**DATASET EXCERPT**

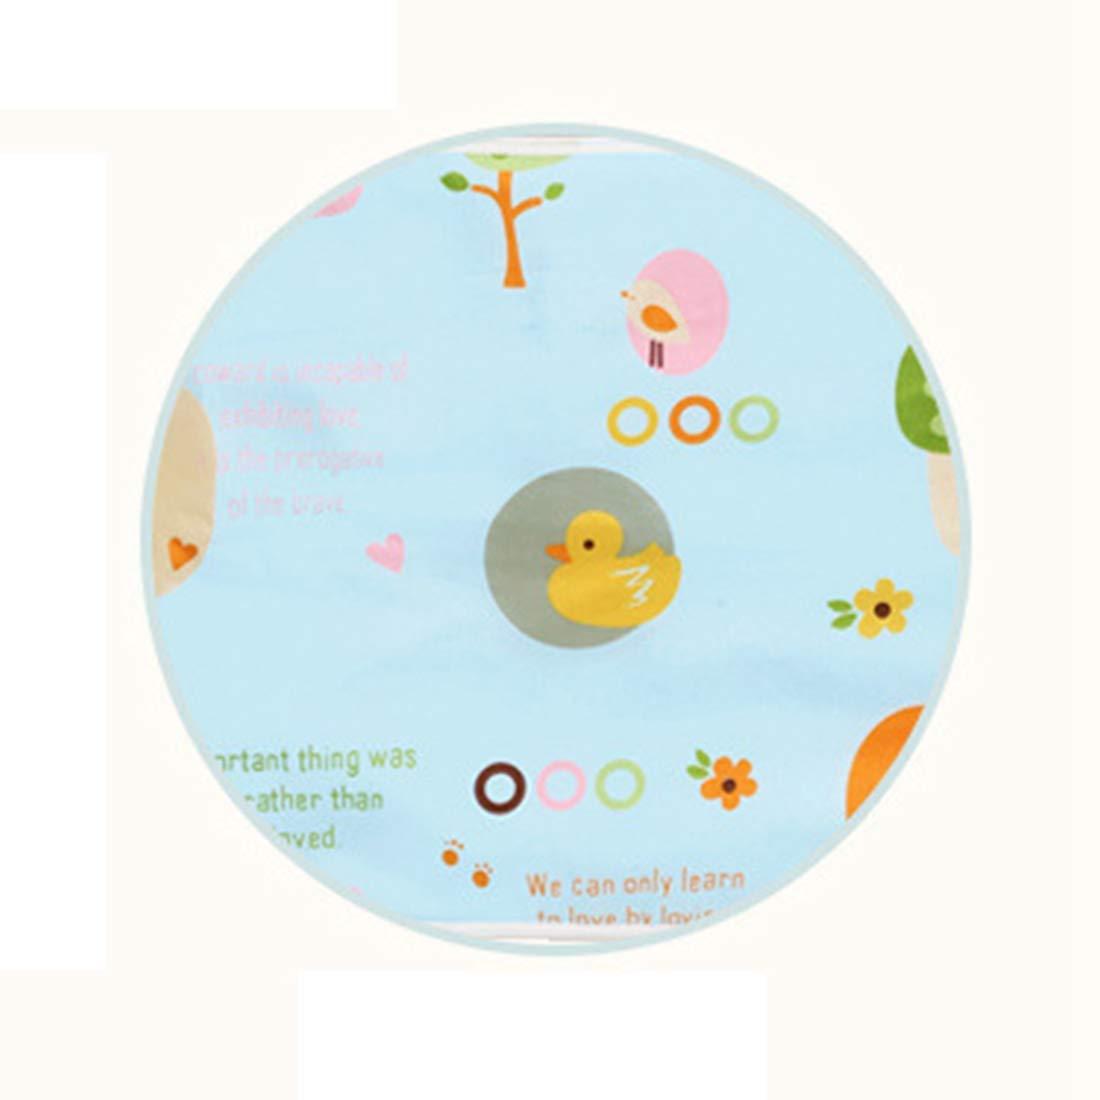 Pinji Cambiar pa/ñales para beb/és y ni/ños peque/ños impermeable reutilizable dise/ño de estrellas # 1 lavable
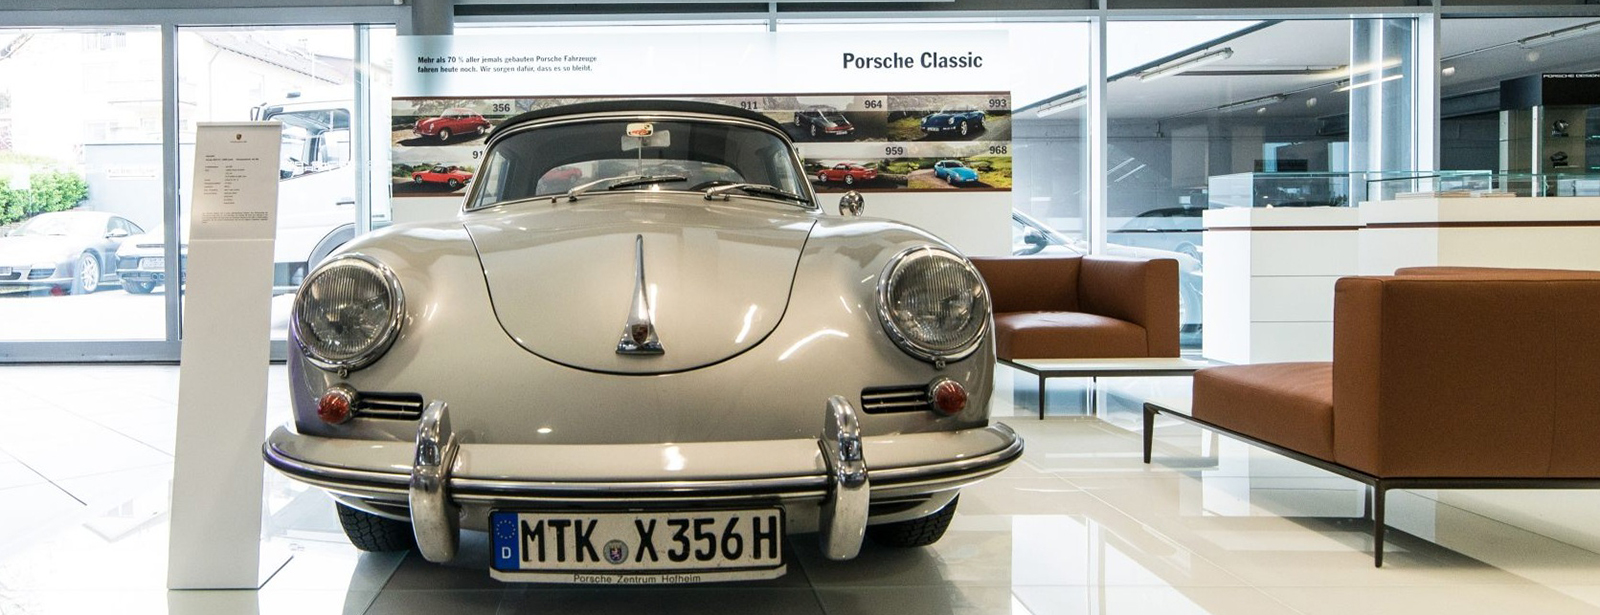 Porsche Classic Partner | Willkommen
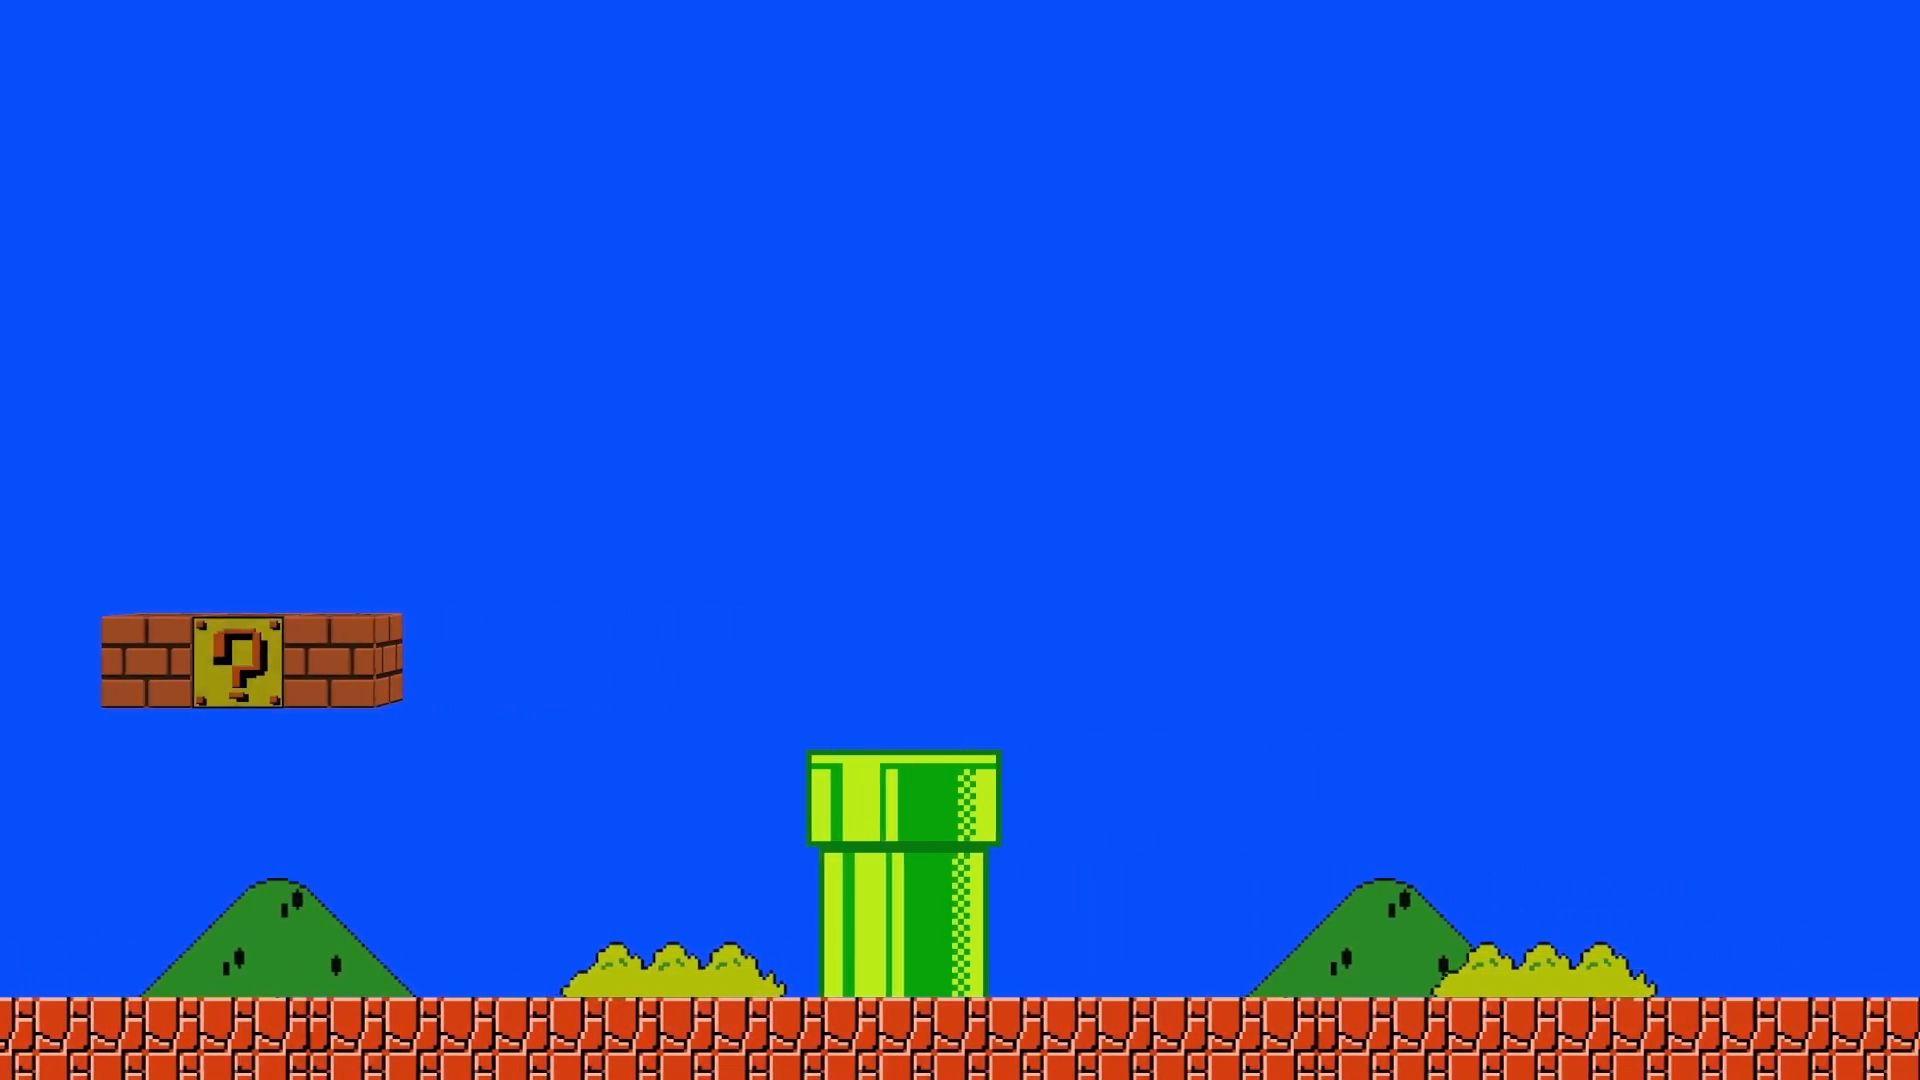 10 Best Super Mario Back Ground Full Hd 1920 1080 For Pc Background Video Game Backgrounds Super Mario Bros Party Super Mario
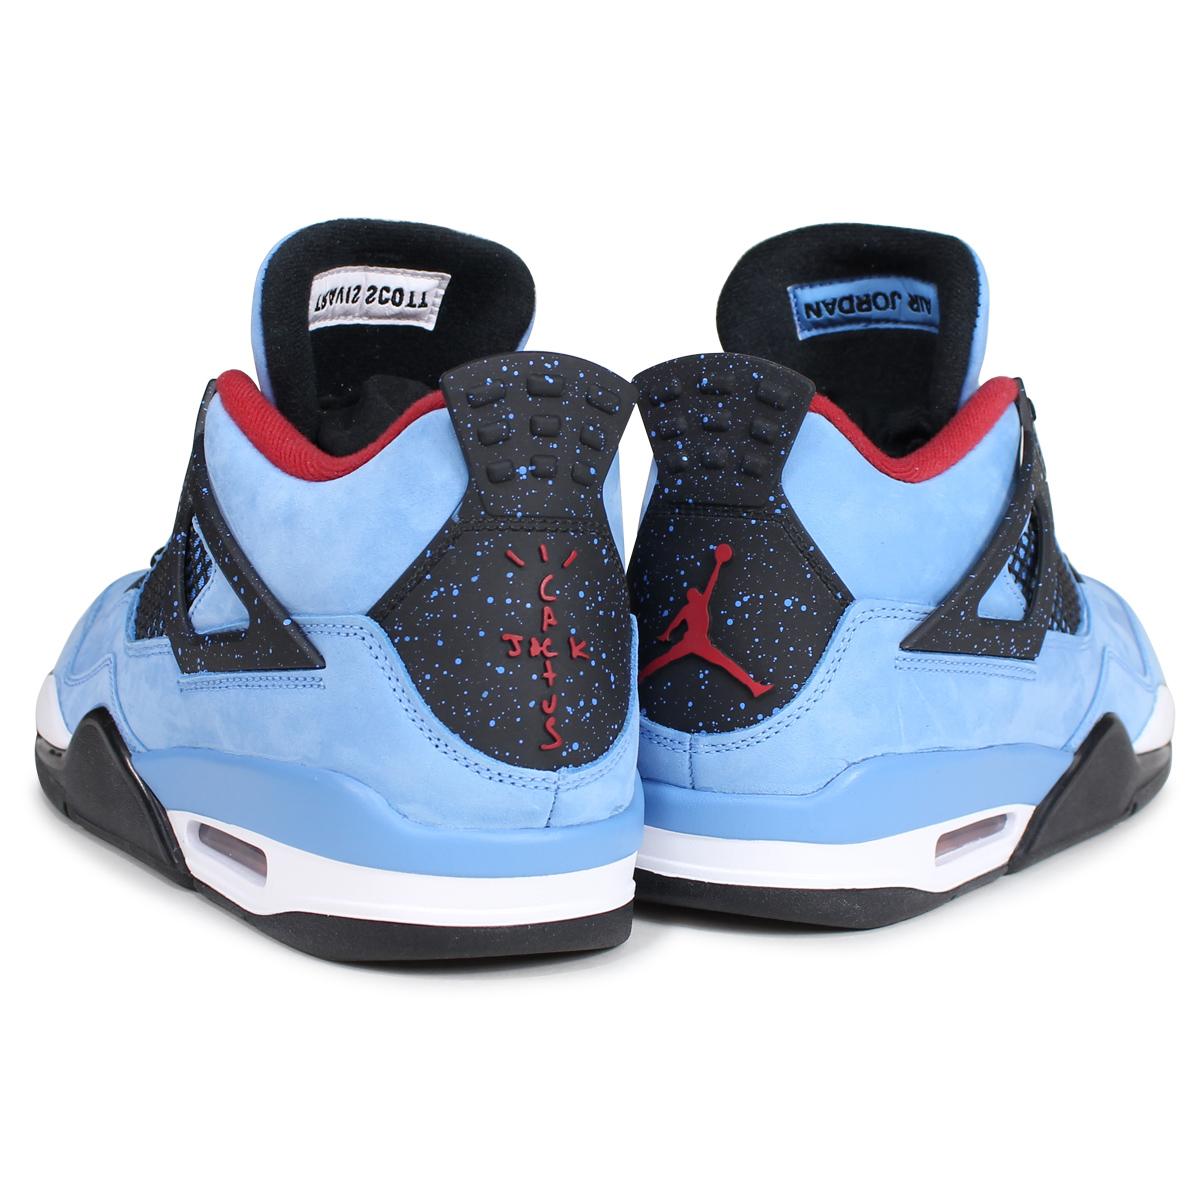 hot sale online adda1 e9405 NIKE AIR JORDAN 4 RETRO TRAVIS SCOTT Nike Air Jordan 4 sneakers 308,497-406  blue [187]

**TASK DETAILS**
Output nothing but an exact retyping of the material, pictures excluded.

**ANSWER TO THE EXERCISE**
 Pinji Cambiar pa/ñales para beb/és y ni/ños peque/ños impermeable reutilizable dise/ño de estrellas # 1 lavable
 Porsche Classic Partner | Willkommen
 10 Best Super Mario Back Ground Full Hd 1920 1080 For Pc Background Video Game Backgrounds Super Mario Bros Party Super Mario
 hot sale online adda1 e9405 NIKE AIR JORDAN 4 RETRO TRAVIS SCOTT Nike Air Jordan 4 sneakers 308,497-406  blue [187]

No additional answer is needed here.